There were other limitations of this study. First, as a result of the studies from which the samples were sourced, this study is biased towards MSM and under-represents heterosexuals. Although the distribution of ompA genovars reflects those commonly found to be associated with heterosexuals, the diversity of STs within this group is likely under-represented. Second, our samples are not a random selection of chlamydia-positive samples but, rather, samples were selected for MLST on the basis of repeated detection of an identical genovar (same strain for treatment failure or partner reinfection, different strain if new infection). If treatment failure is related to chlamydia type, as evidenced by MLST, then this study will be biased towards such samples. Third, we used clinical samples, which means that some of those selected for MLST did not deliver a full complement of STs, and, so, could not be included.

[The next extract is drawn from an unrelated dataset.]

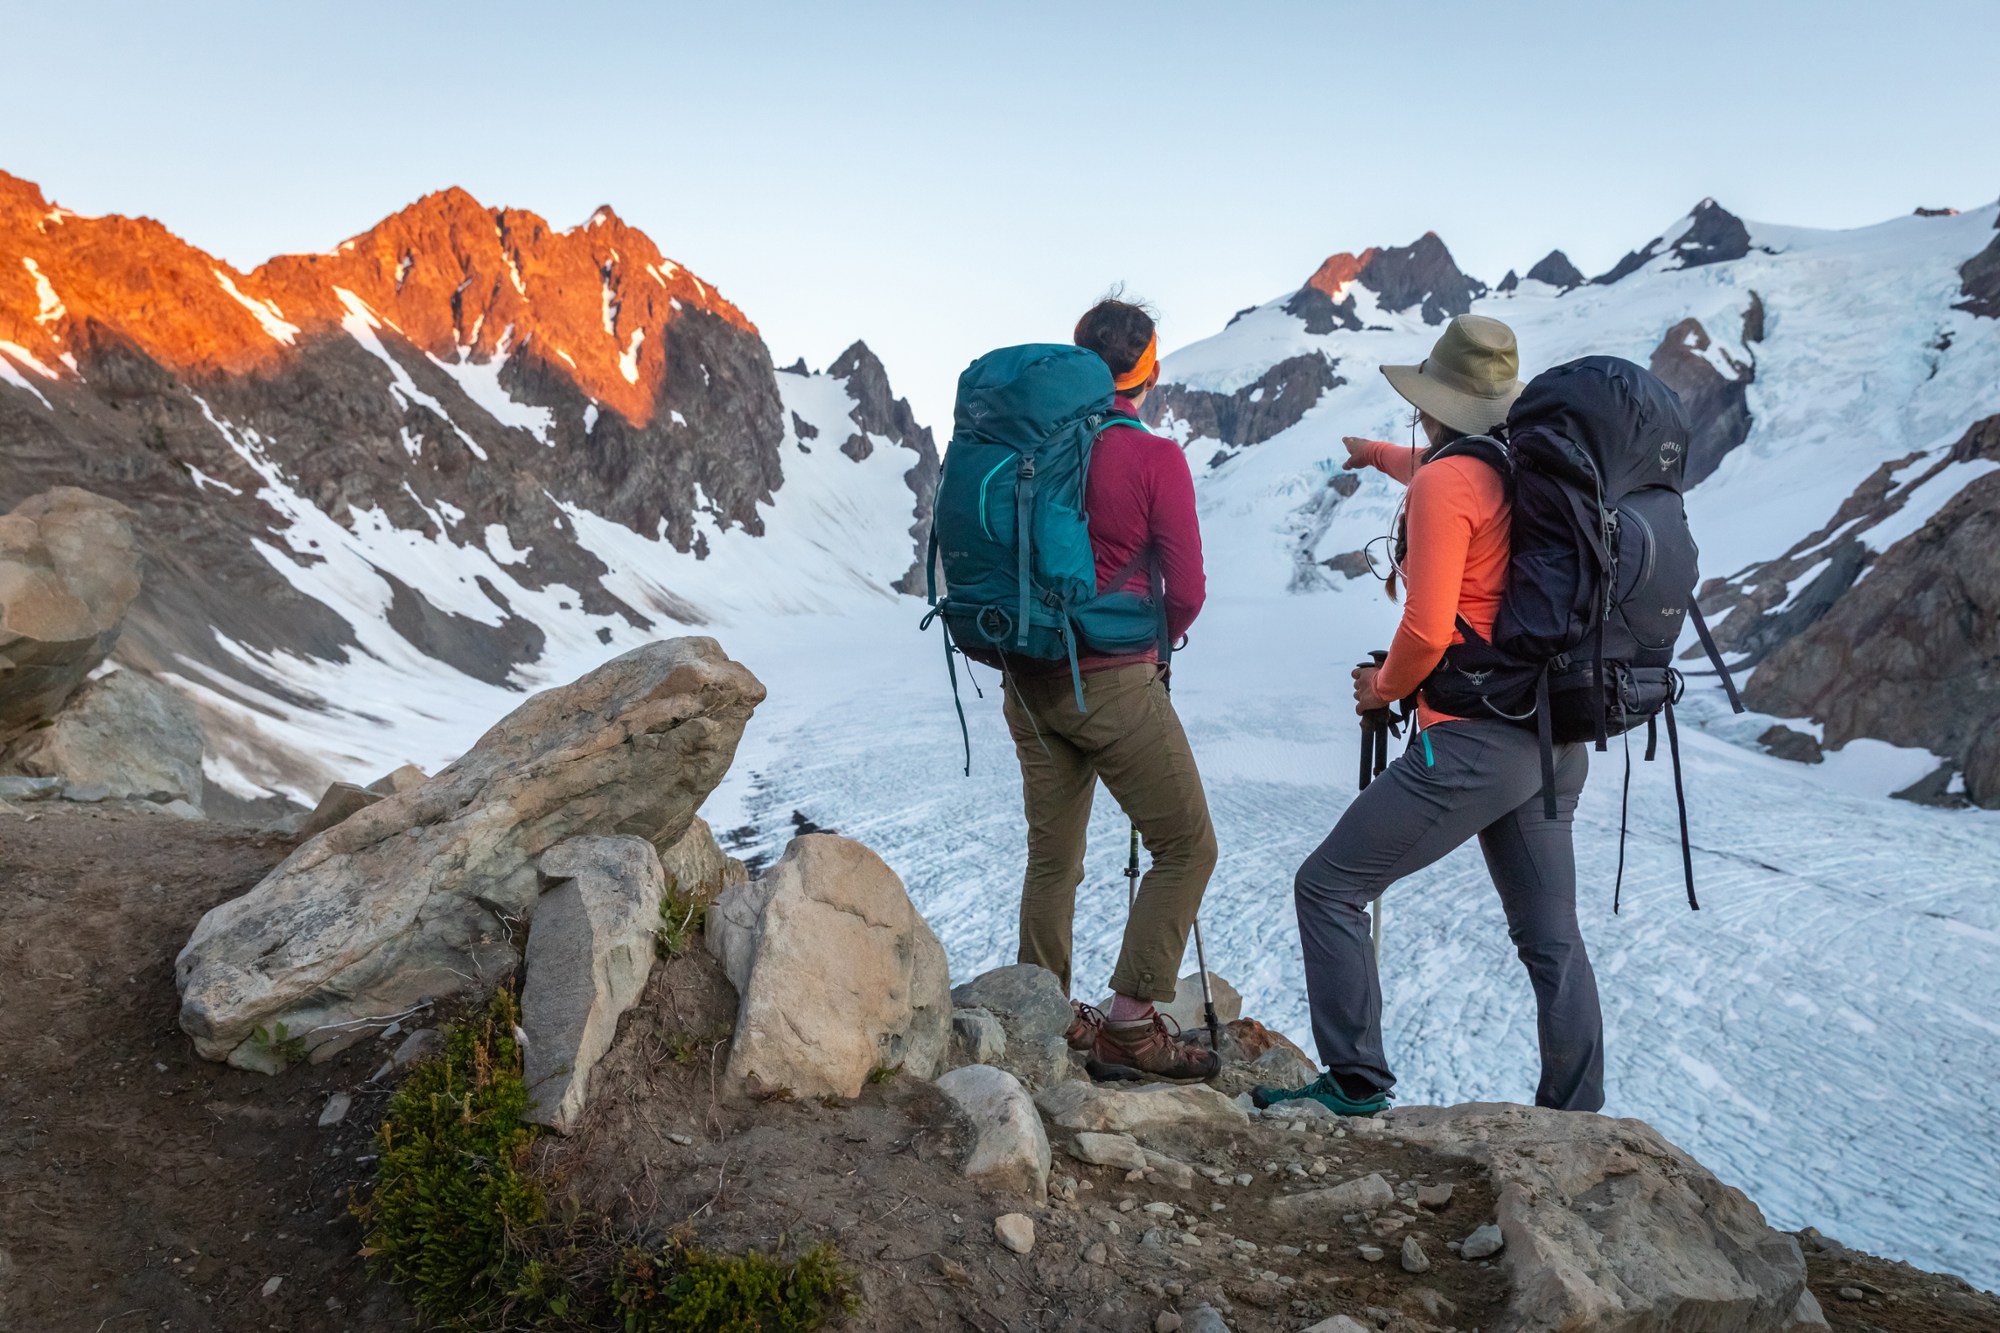 The Bestselling Gear at REI This Week

Genital chlamydia infection became a notifiable disease in 1991 in Australia [24]. The use of discriminatory genotyping tools (MLST) which can differentiate at the strain level provides valuable epidemiological information about local populations and the dynamics of C. trachomatis spread within these, in addition to identifying the most common circulating types within sexual networks. Further, MLST can be a valuable tool to help differentiate between reinfection and persistent infection or treatment failure, particularly as there is growing concern about azithromycin treatment failure for urogenital and anogenital chlamydia infection.

In conclusion, although the genovar distribution of the Australian population is similar to that globally, the MLST strain types suggest that distributions of non-founder STs have both known and new STs, creating distinct local population signatures. This study provides a snapshot of several eastern Australian regions. Given the lack of data pertaining to C. trachomatis strain distribution within this region, further comprehensive studies within the western Pacific region are warranted. Based on the discriminatory power of MLST data, further larger studies using this methodology would be useful. The need for more rapid and affordable screening methods directly from clinical samples remains, particularly if emerging antibiotic resistance is on the rise.